A new study from the Alaska Coastal Rainforest Center and the University of Alaska Southeast looked into the viability of harvesting the growing numbers of dead yellow cedar trees.
“We went into this project because we know there were these stands of dead wood,” said Allison Bidlack, director of the ACRC. “If you wait much later, you get past 30, 40 years, the wood properties start to degrade.”
Bidlack and her team wanted to look at whether harvesting these dead trees could be a profitable enterprise for small mill operators in Southeast Alaska.
The answer, according to the study, is a highly qualified yes. Dead cedar can still be a high enough quality to bring to market, but the main problem is accessing it, the study says.
“Yellow-cedar usually represents a small percentage of a timber stand’s total volume, many stands that look promising for salvage at first glance are actually made up of widely scattered trees and are not practical sites for efficient harvesting,” the study says.
There are a number of other impediments to harvesting cedar, such as equipment and mill processing, but the researchers believe the wood presents an economic opportunity.
Bidlak and her colleagues worked with the U.S. Forest Service and five mill operators in Southeast to determine the viability of dead yellow cedar harvest.
“They were or already had been working with dead yellow cedar,” Bidlack said. “They had had varying experience. The longer the tree’s been dead, the more difficult it can be to work with it. Most of them would like to work with it because it’s valuable.”
Yellow cedar is an attractive wood for lumber harvest because of its high resilience, according to Wes Tyler, co-owner of Icy Straits Lumber in Hoonah.
“It’s attractive to people in general because it’s so resistant to rot. You can use it for outdoor structures, picnic tables, posts,” Tyler said.
Tyler said he has harvested dead cedar in the past, and it is potentially viable for market, but echoed the study’s conclusion that reaching the wood was the most difficult part.
“It can be viable if you can get to it,” Tyler said. The problem, according to Tyler was finding the nearest access point, whether it’s by road or by water. “All that stuff (the trees) is very heavy, and requires expensive equipment,” Tyler said.
Owen Graham with the Alaska Foresters Association said he too had harvest dead cedars but it didn’t end up being profitable.
“I wouldn’t be interested,” Graham said about future dead cedar harvest. “We were clear cut logging, and there was dead yellow cedar in there and the Forest Service asked us to remove it.”
Graham said he was able to sell the wood locally but international customers, his typical cedar customers, weren’t interested. Graham did say he didn’t know how long the trees had been dead, which affects wood quality.
There are also a number of bureaucratic hurdles, such as land sales conducted by the Forest Service, which add costs to harvesting dead yellow cedar.

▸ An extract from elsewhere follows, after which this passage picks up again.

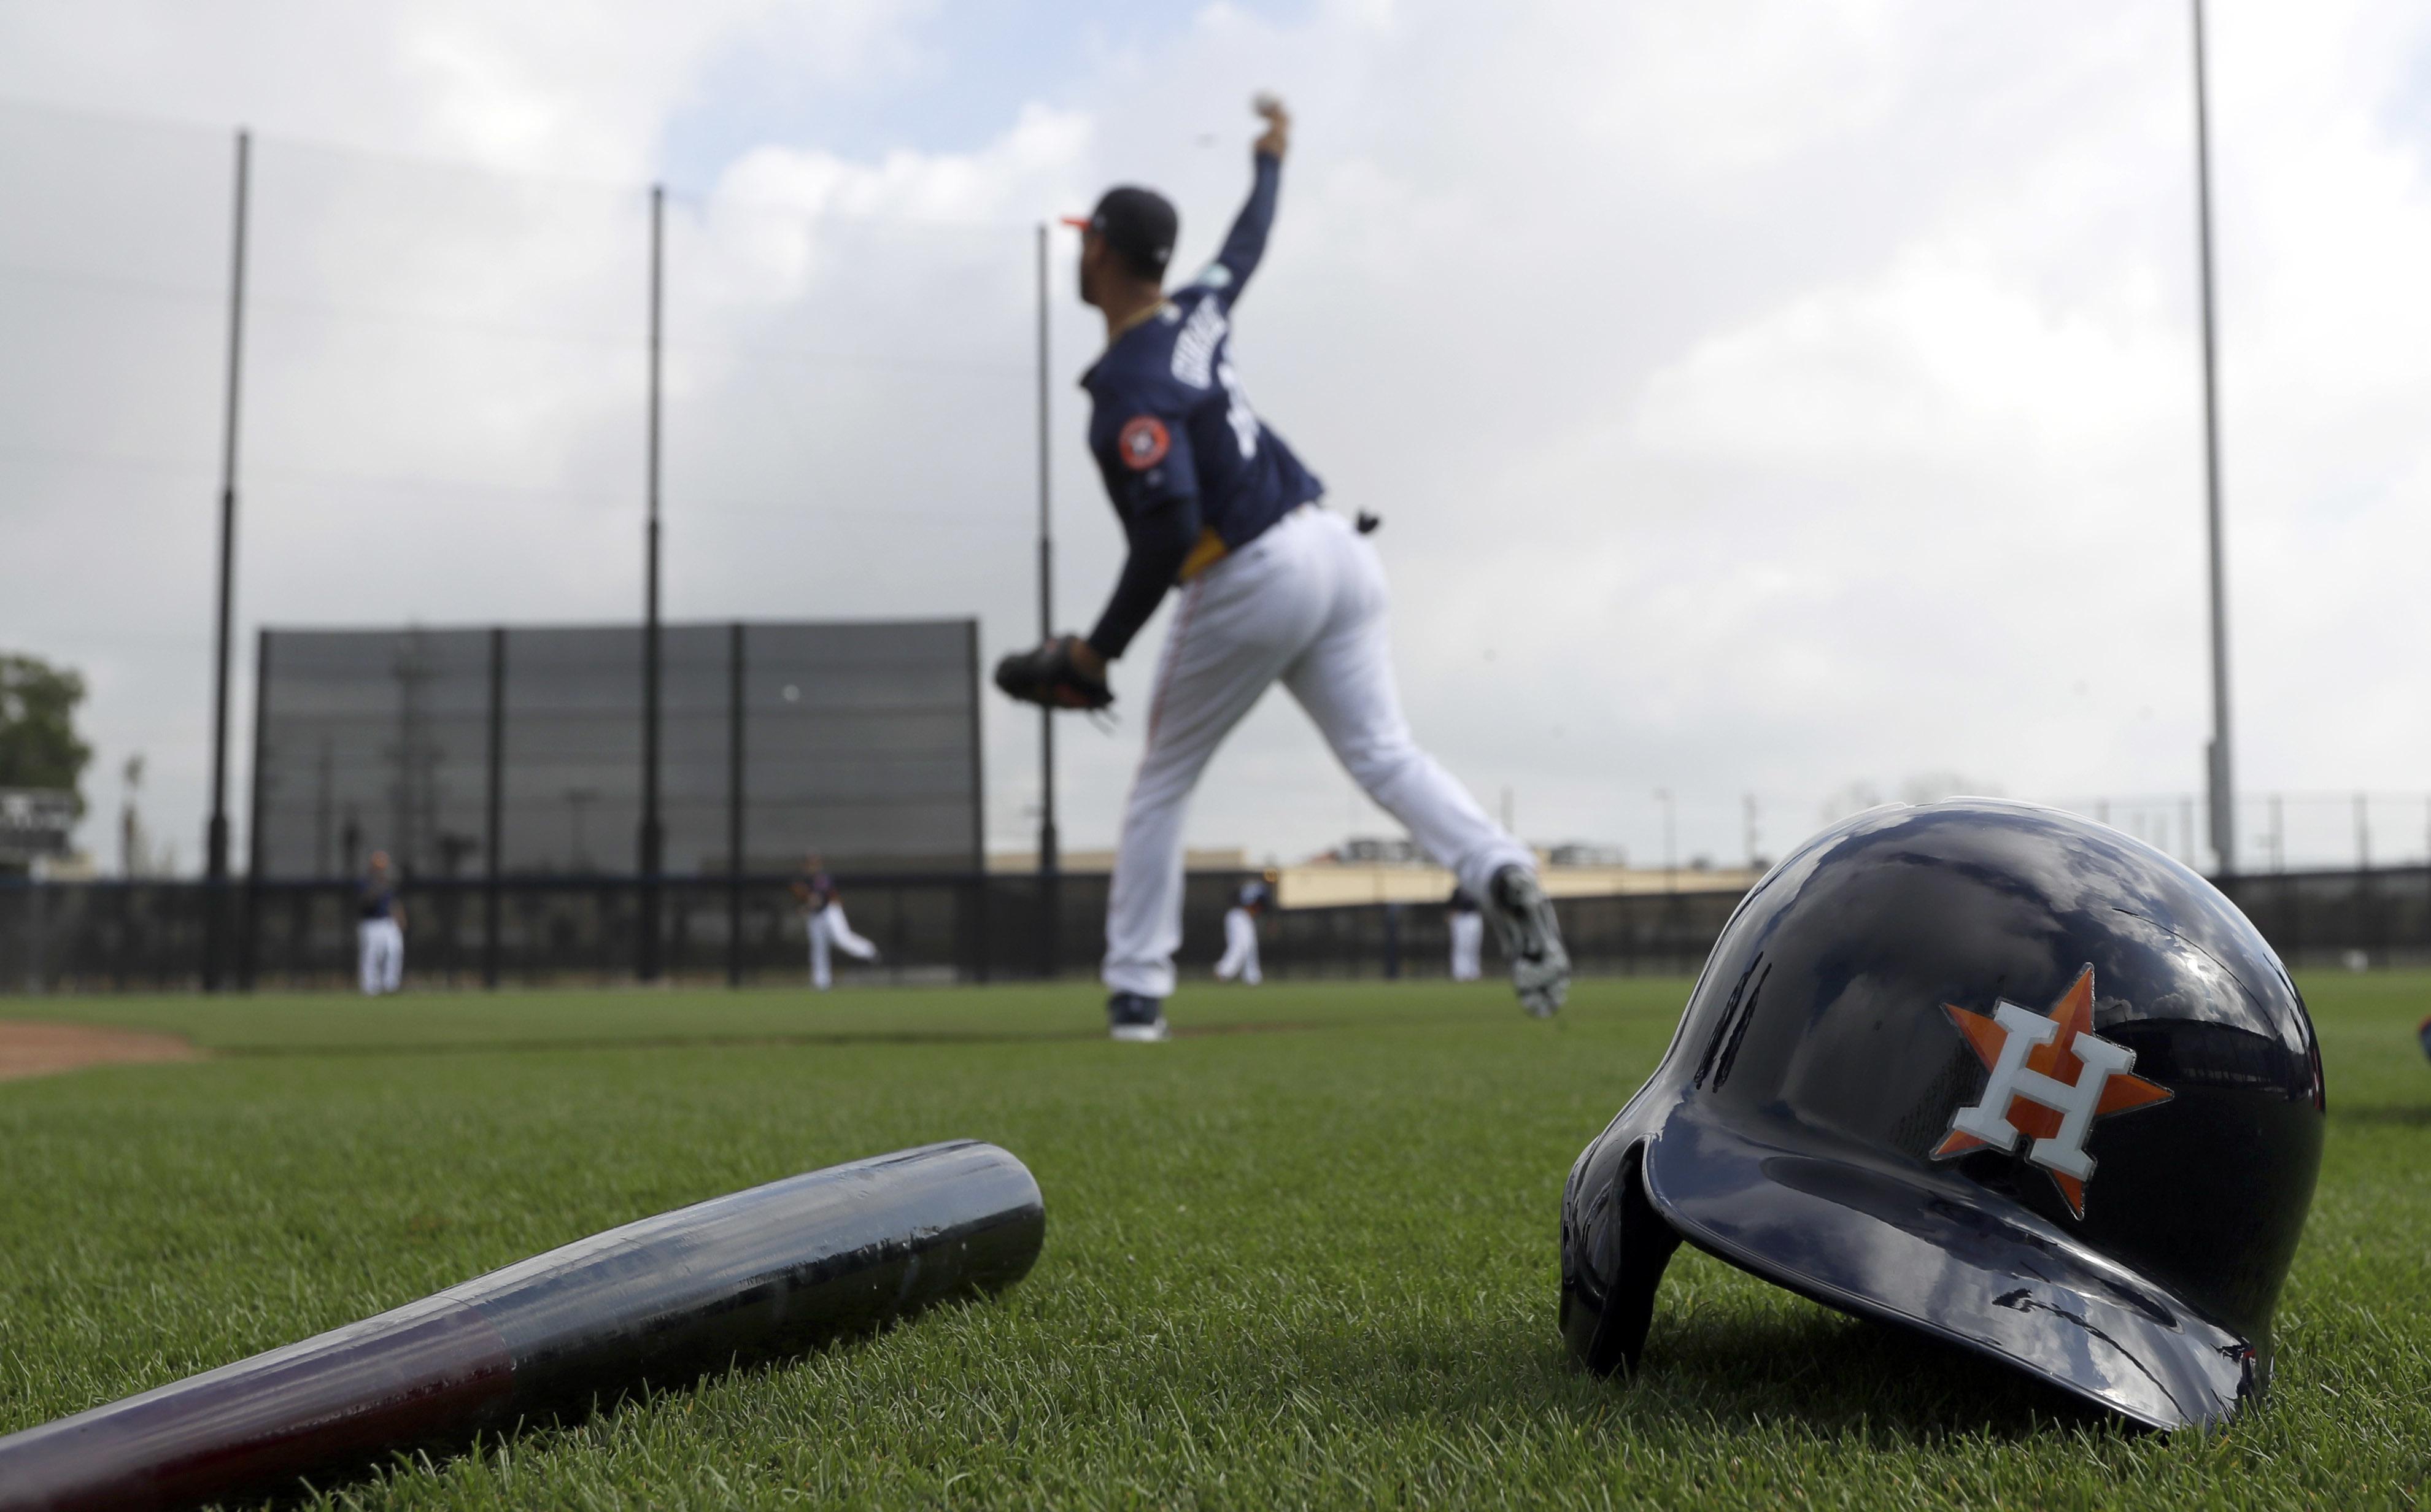 Astros_spring_baseball_16277

The study looked at six mills, listed as mills A-E. Determining the profitability for each mill is difficult because each employs different methods for harvest and processing.
“Cost factors among mills that lead to differences in revenue included logging, milling, and transportation,” the study says. “Logging costs were highest for Mill C since these trees were obtained using selective helicopter logging, transportation costs were highest for Mill D, as these logs were shipped to Ketchikan via barge.”
Researchers were surprised by differences in revenues among the mills, but feel that with some changes, and possibly training, mill owners could use dead cedar for extra revenue.
As climate change kills more trees, harvesting presents an opportunity for forest management as well, the study says.
“Our new climate reality driving yellow-cedar mortality across much of the Tongass,” the study concludes, “presents an opportunity for a new approach to forest management and a forest products industry in Southeast Alaska.”